**Exercise objective**
Images should not appear in the copy, yet every line of the listing below must be printed exactly.

**Data below**
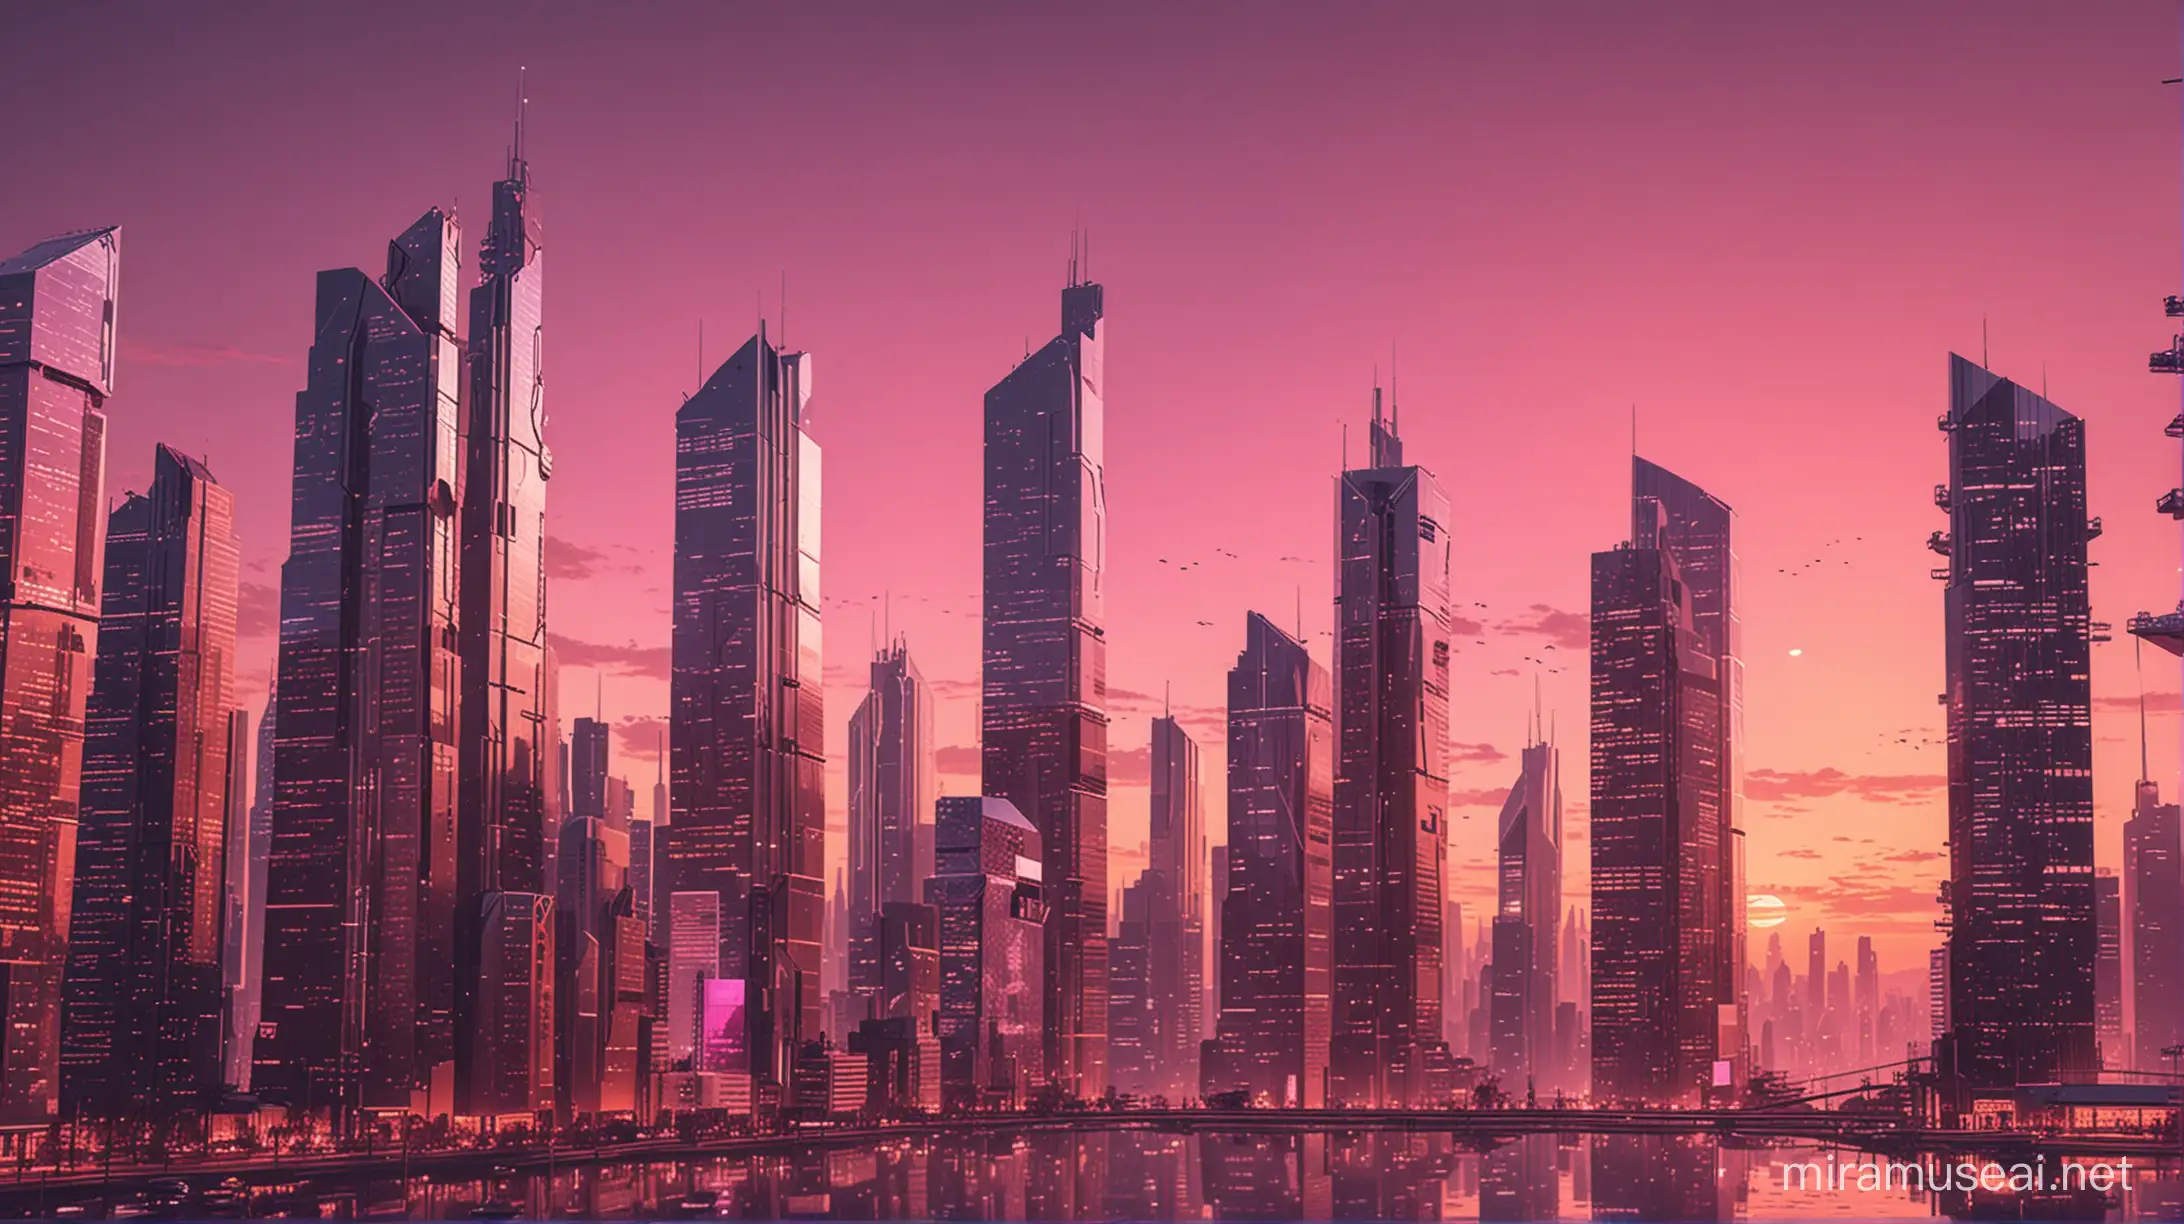 Imagine a sleek, futuristic cityscape at pinkish sunset with towering skyscrapers made entirely of digital assets. Think code blocks, gears, and charts forming the buildings.
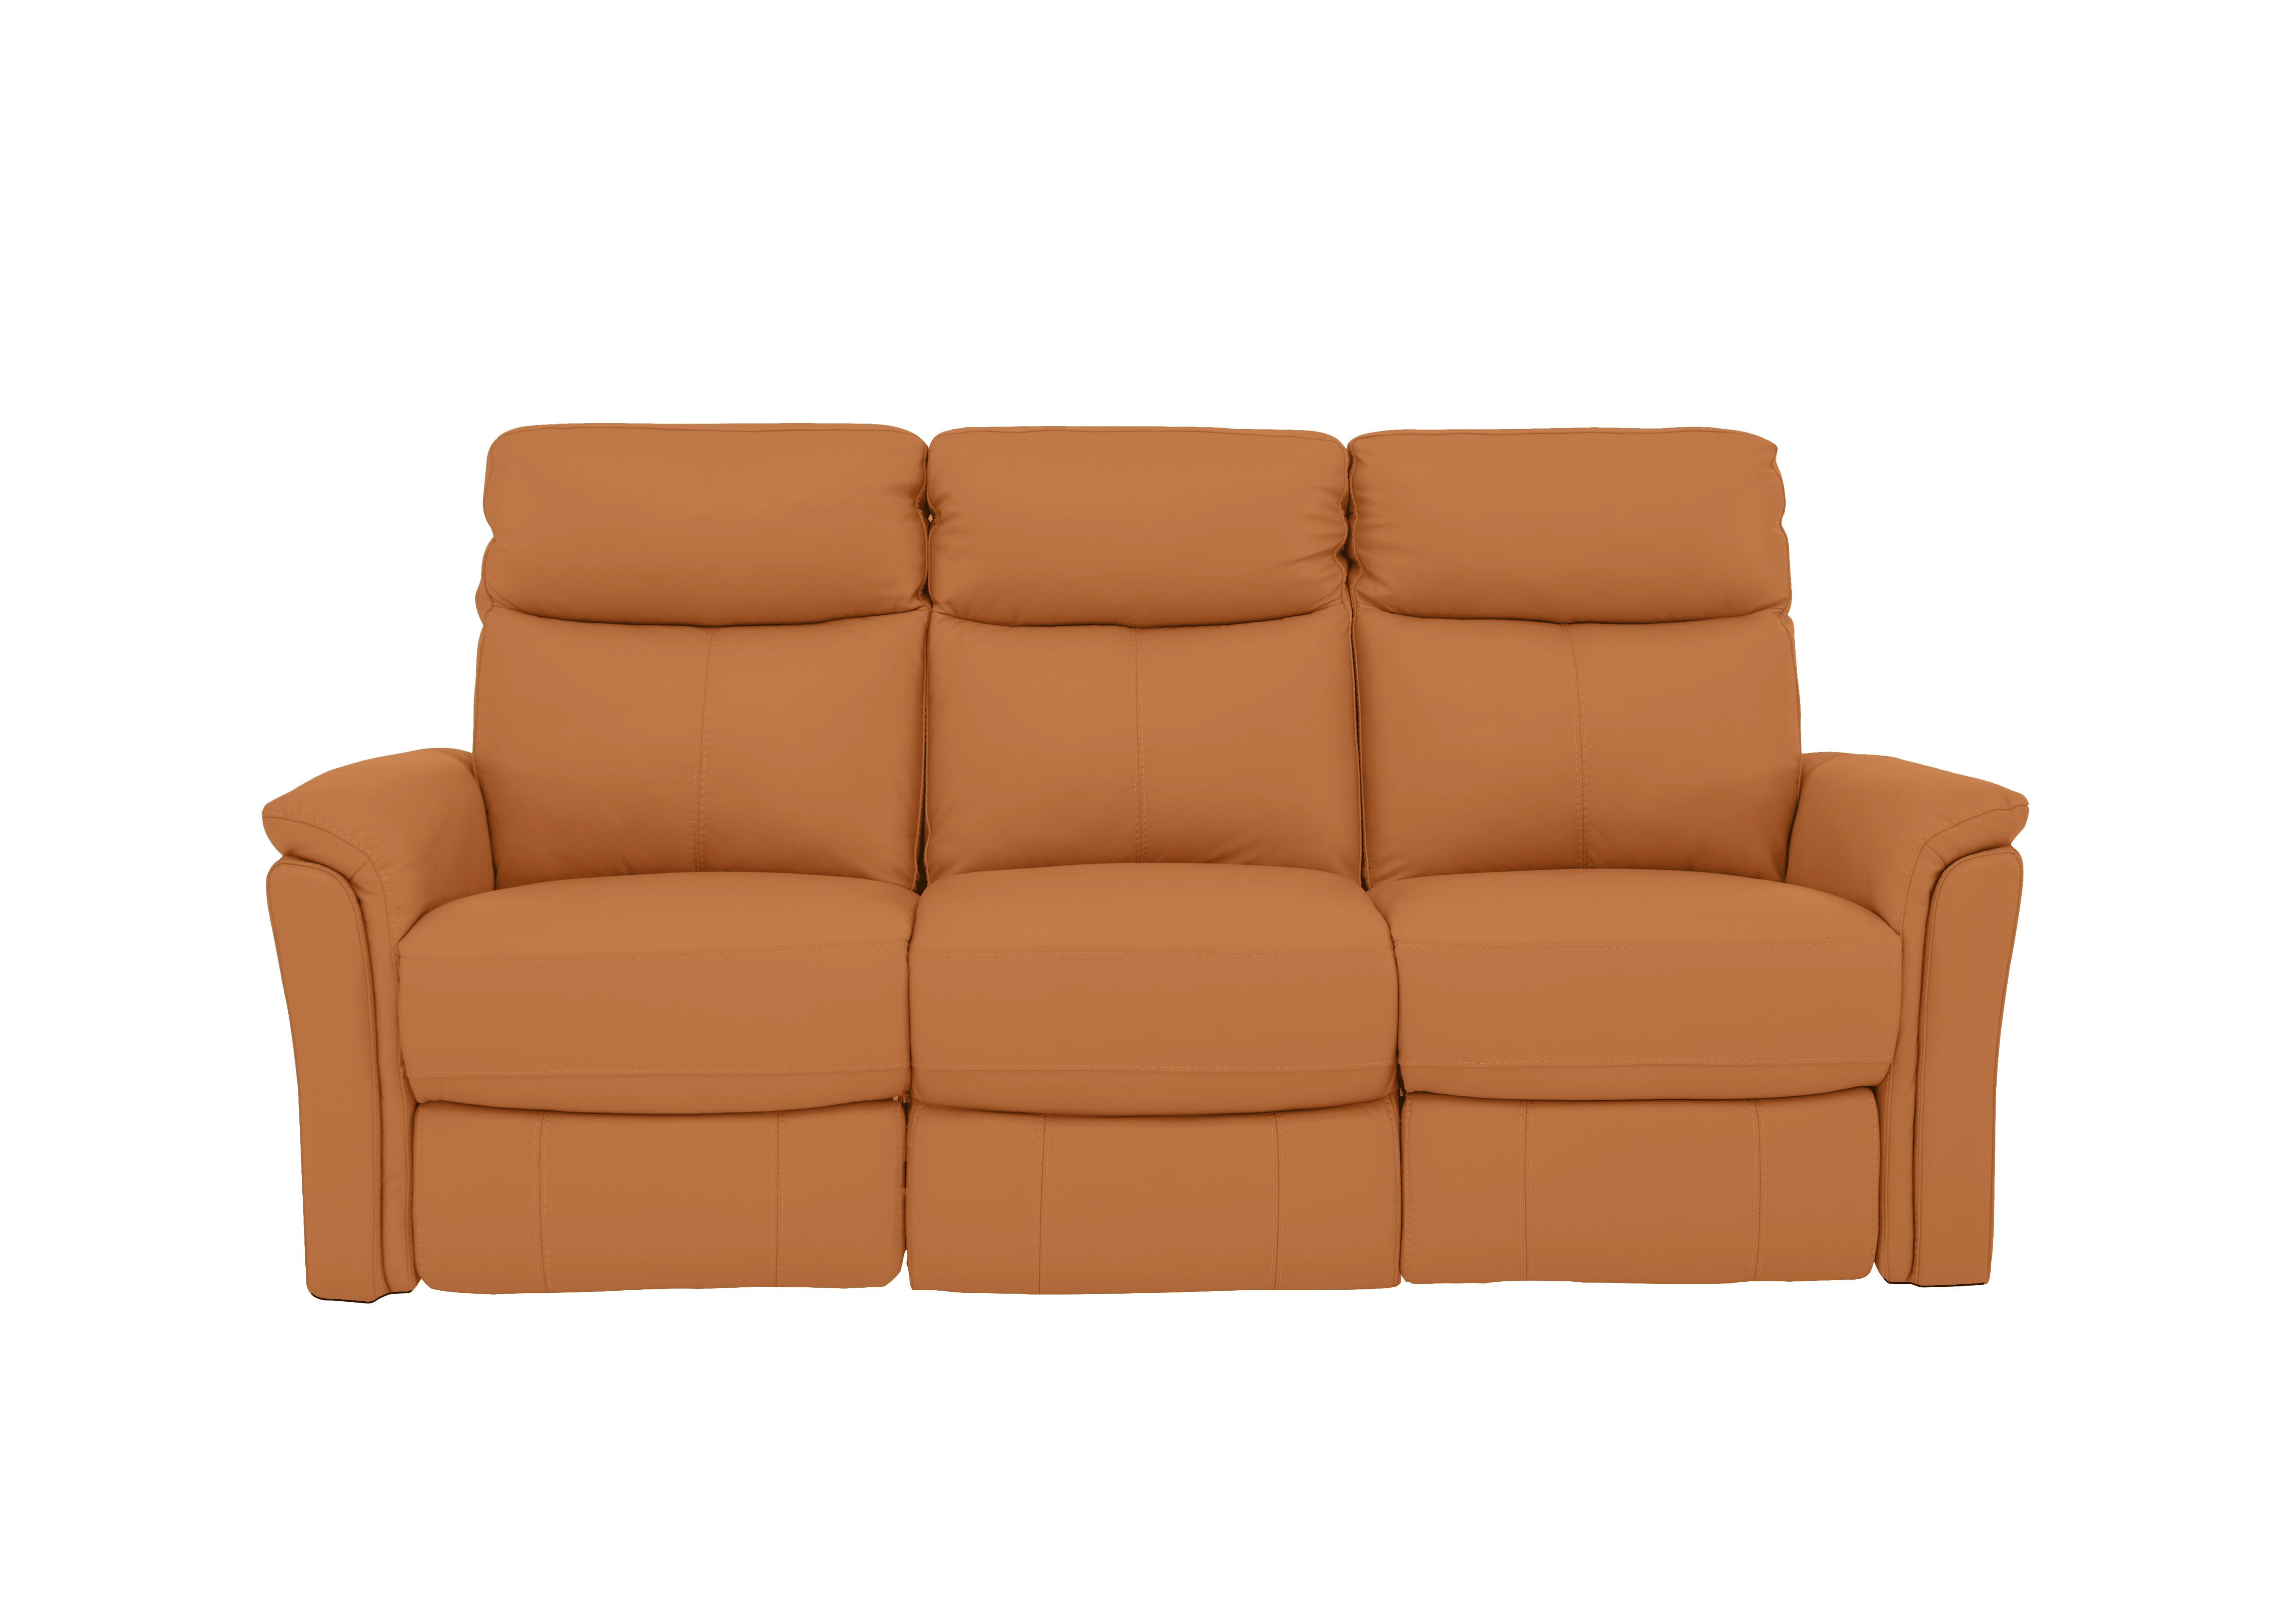 Compact Collection Piccolo 3 Seater Sofa in Bv-335e Honey Yellow on Furniture Village
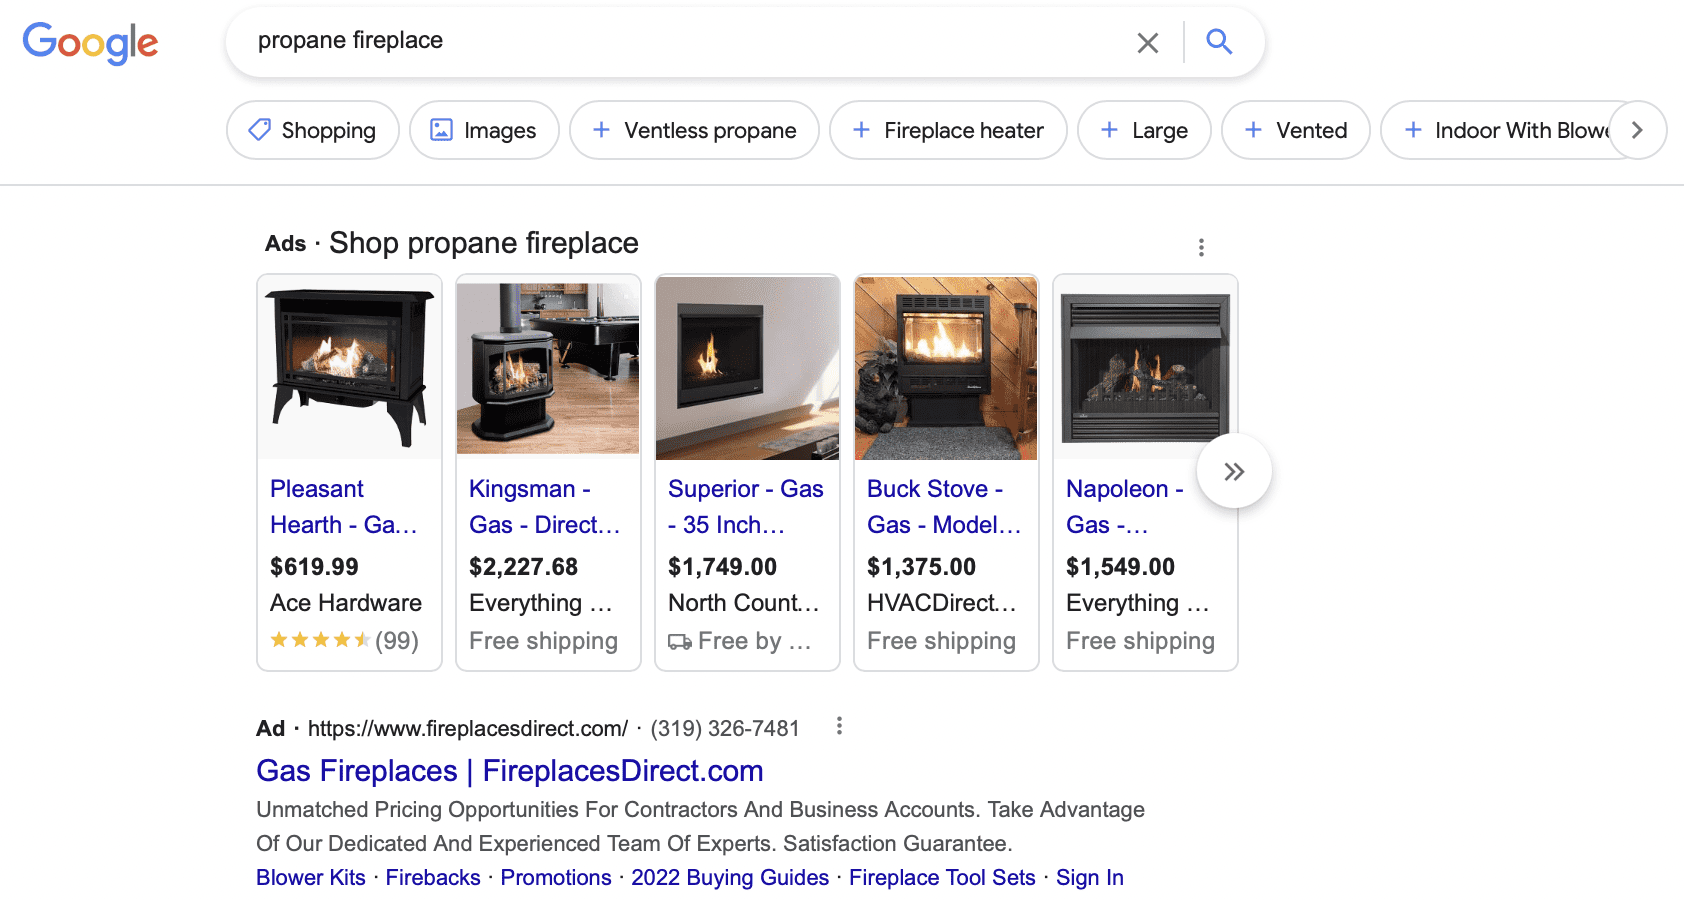 A Sample Ad for Propane Fireplace on Google SERPs

**Written answer**
 Imagine a sleek, futuristic cityscape at pinkish sunset with towering skyscrapers made entirely of digital assets. Think code blocks, gears, and charts forming the buildings.
 Compact Collection Piccolo 3 Seater Sofa in Bv-335e Honey Yellow on Furniture Village
 A Sample Ad for Propane Fireplace on Google SERPs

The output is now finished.